Книги

Место действия - Южный Ливан

22
18
20
22
24
26
28
30

— Но ведь это не все, — попытался возразить Вовка. — Были ведь еще концлагеря, Хатынь, геноцид покоренных народов.

— Не вали все в одну кучу, — наставительно произнес Кастет, сурово сдвинув брови. — Тут однозначного ответа нет. Замечу лишь, что товарищ Сталин в свое время устроил ничуть не меньший по масштабам геноцид собственного народа, что, по-моему разумению, гораздо отвратительнее и чудовищнее, тем не менее многие до сих пор считают его величайшим вождем всех времен и народов. А концлагеря, да, существовали, это факт, но подобные перегибы ничуть не умаляют заслуг фюрера в деле борьбы против мирового сионизма, за чистоту арийской расы. Кстати основные зверства при этом совершали не столько сами немцы, сколько предатели и наемники из числа самих покоренных народов, лишний раз доказывая тем самым, что они и есть именно недочеловеки о которых и писал в своей брошюре доктор Геббельс. Унтерменши.

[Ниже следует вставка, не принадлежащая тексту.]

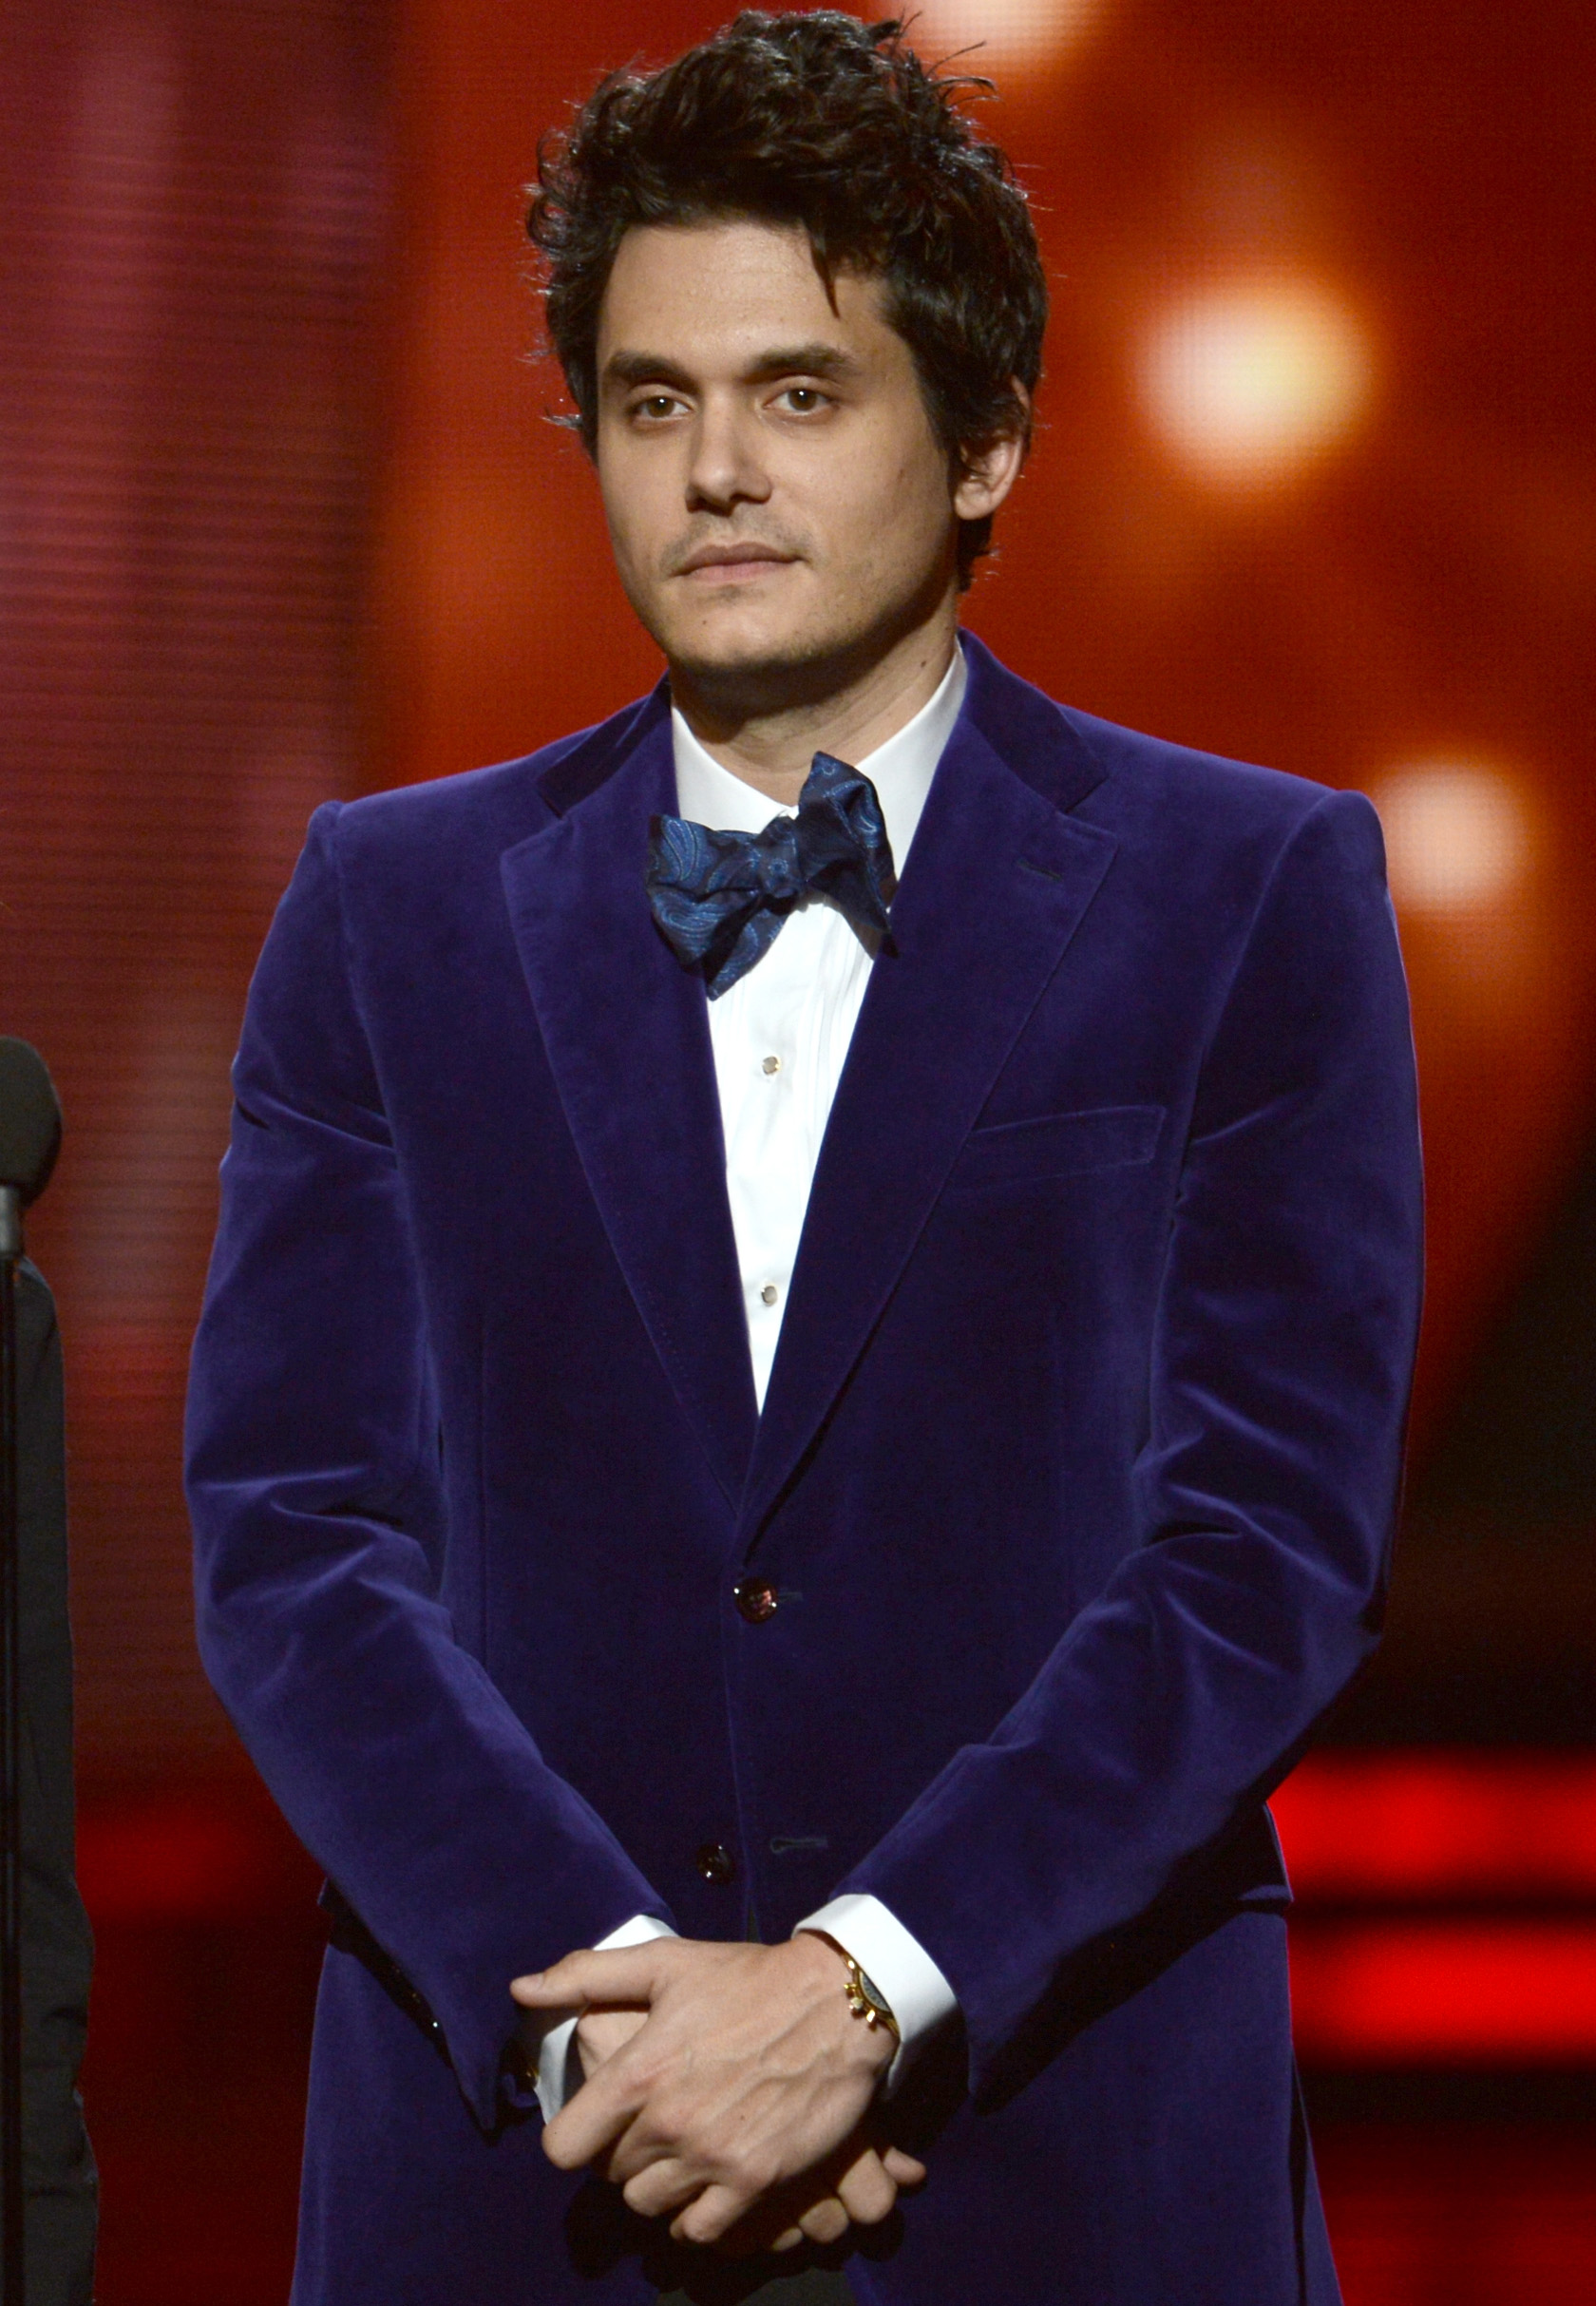 John Mayer wore a blue blazer at the Grammys.

Вовку несколько покоробила такая трактовка вопроса, уж что-что, а ужас нацистских концлагерей, бывших истинными фабриками смерти, у него никогда не повернулся бы язык назвать просто «перегибами». Да и сама личность бесноватого фюрера в его представлении отнюдь не соответствовала тем сверкающим доспехам спасителя белой расы и гениального политика, в которые упорно облачал бывшего ефрейтора Кастет. Однако сегодня он решил не спорить и выслушать оппонента до конца, лишь подбросив ему пару вопросов на засыпку, долженствующих более-менее прояснить его позицию.

— Ну ладно, оставим Гитлера, тут мне вроде бы все понятно. Я вот про разных там мигрантов хотел спросить, с ними-то вы боретесь, правда?

— Правда, — разочарованно буркнул Кастет, явно недовольный столь пренебрежительным отношением к теме величия нацистского вождя. — Они же тоже представители низшей расы. Недочеловеки. А благодаря нашему антинародному правительству эти дикари сейчас поднимают голову, захватывают наши города, вытесняют русских с рабочих мест, пытаются контролировать розничную торговлю. А самое страшное, что они тут же начинают подтягивать сюда своих родственников, друзей, знакомых. Стоит одному чуркобесу закрепиться в русском городе, как не успеешь оглянуться, а он уже перевез сюда еще десятка полтора. Им же на хер ничего не надо, могут всем гуртом в однокомнатной квартире жить и на полу спать все вперемешку. А наши продажные менты их за взятки прописывают. Потом смотришь, а дети этих уродов уже бьют себя копытом в грудь, мы, мол, тут коренные жители, родились здесь и выросли, а значит это наша земля, мы здесь хозяева. Ну и творят само собой что хотят, пользуются тем, что менты у нас за копейки покупаются.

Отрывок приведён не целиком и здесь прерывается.